15.2 Marketing operations
Different firms have different ideas about which operations are part of the marketing function and which are not. Selling, advertising, promotion, dealing with distributors, packaging, package design, new product concept development and market research are considered by most enterprises to fall within the responsibility of the marketing manager. Responsibility for transportation and storage of finished goods (physical distribution) is usually less clear.
For over two years, a Canadian firm deferred action on a consultant’s report which recommended the building of an intermediate storage and distribution warehouse, with expected savings to the firm of about Can$2 million a year. The simple reason was that no one could decide which department was to operate the proposed warehouse. While this degree of organizational futility is rare, the case nevertheless shows that top management may have difficulty in making decisions concerning the administration of activities that cross departmental boundaries.

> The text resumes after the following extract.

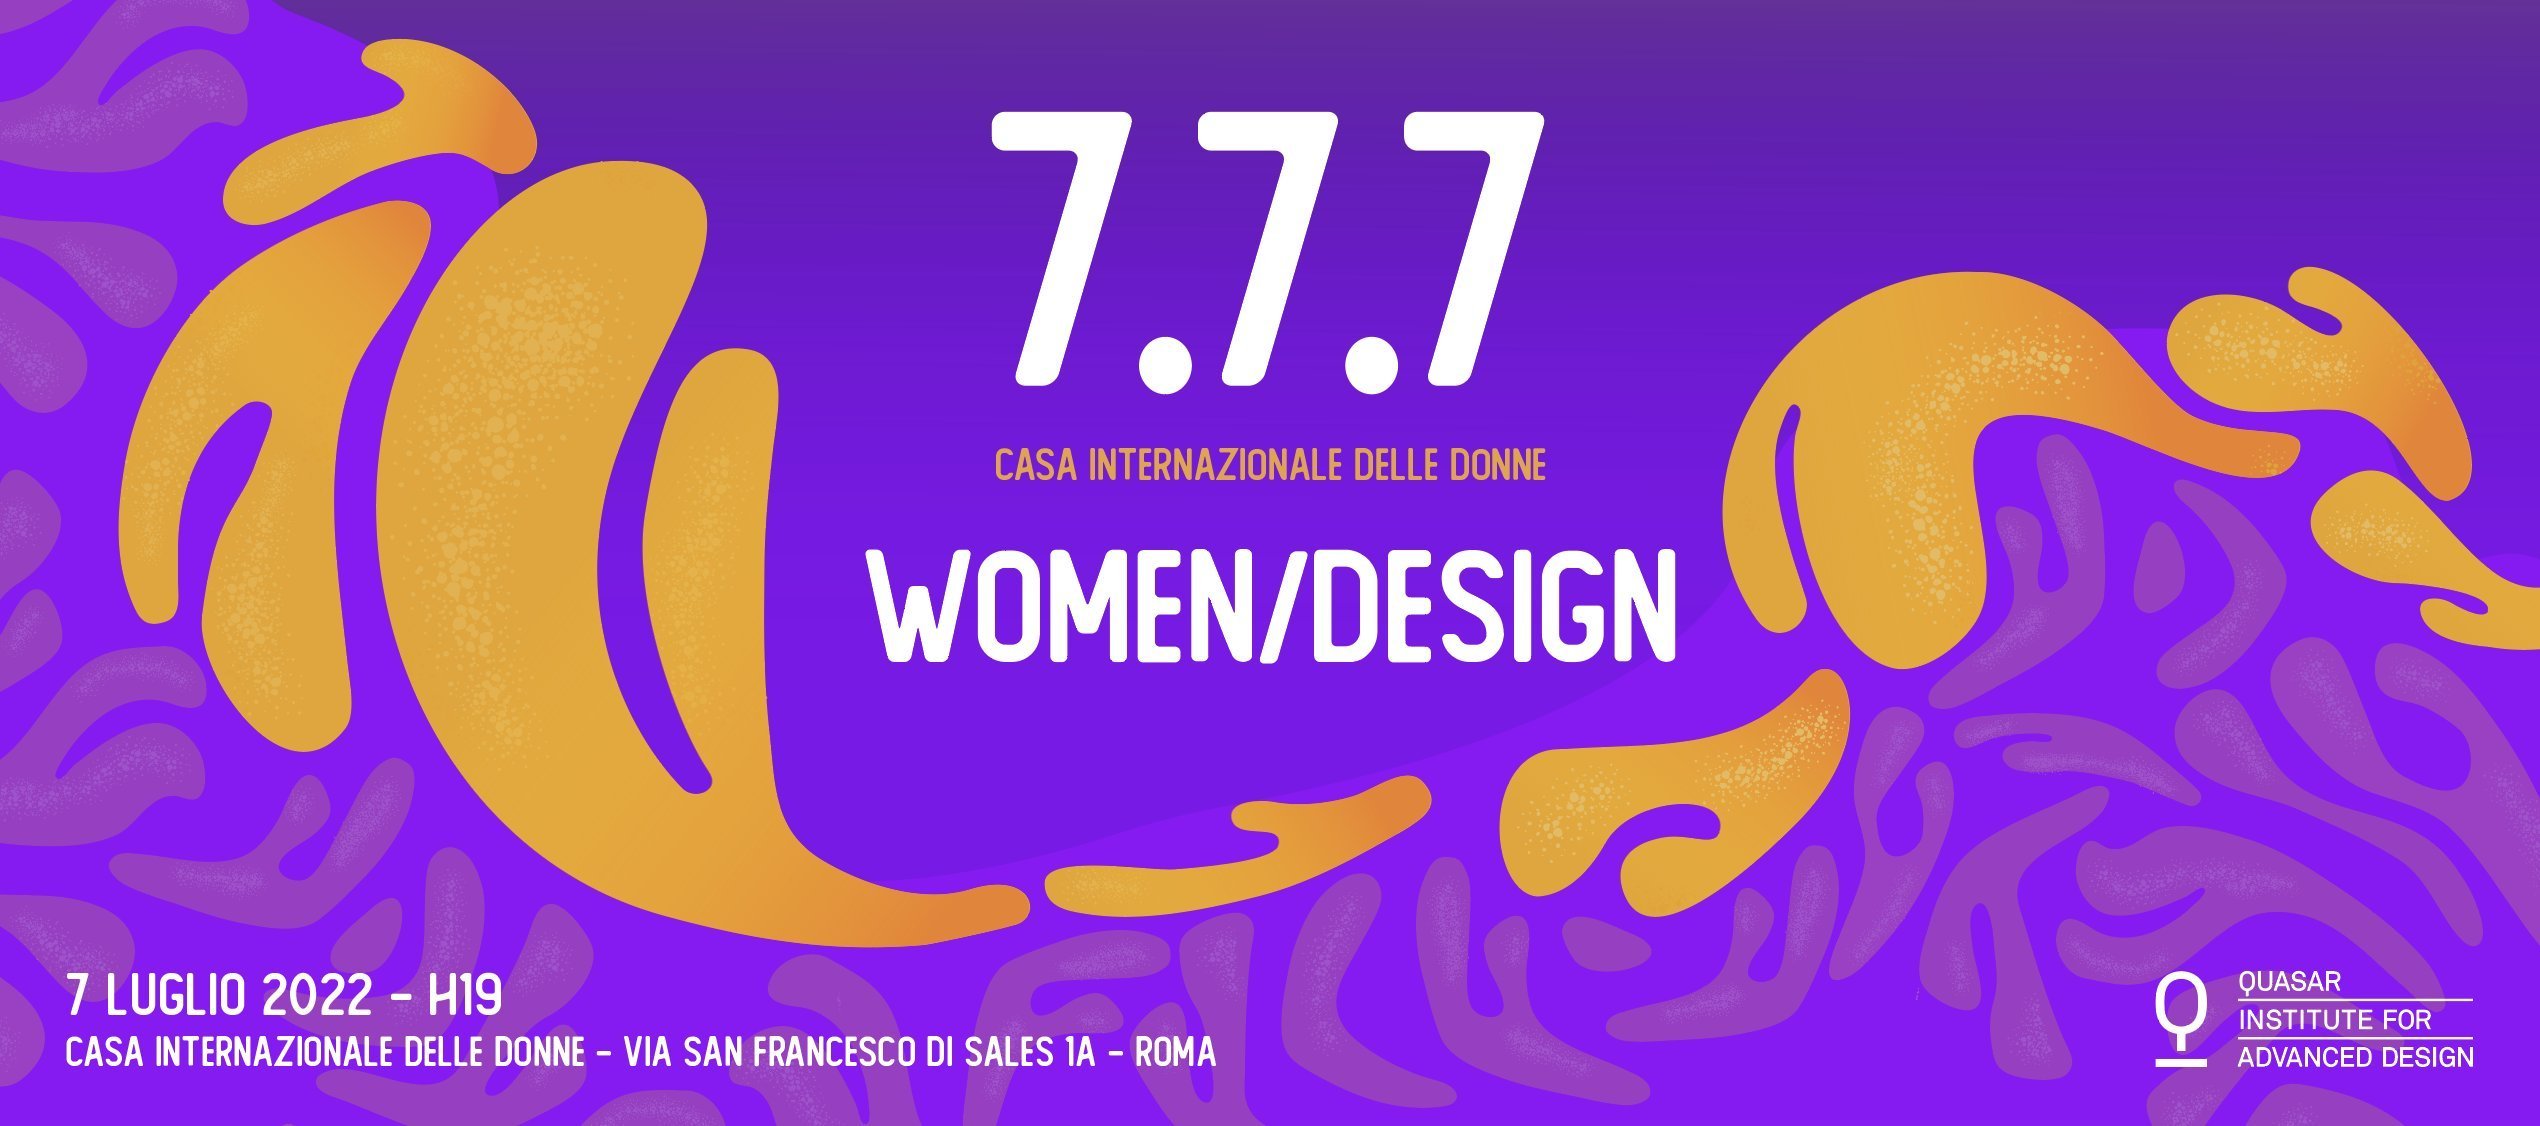 777 - Women/Design

Such situations should be detected at the diagnostic stage and the assignment formulated to include the appropriate recommendations. The marketing consultant who comes across such a case would be well advised to consult his or her supervisor, because organizational fuzziness in these areas could slow the progress of the assignment substantially or even stagnate it.
Sales management
The consulting activities in sales management are straightforward. Proper training and motivation of sales staff are key items to be checked, as is the way that sales staff divide their effective selling time between existing and potential customers, and among large, medium and small accounts. Another point to check is whether the client’s advertising is being used to increase the sales staff’s effectiveness by generating curiosity and interest in the minds of customers. Such interest makes it easier to obtain appointments and helps discussions to get off to a good start. This aspect of advertising is particularly important in marketing industrial goods.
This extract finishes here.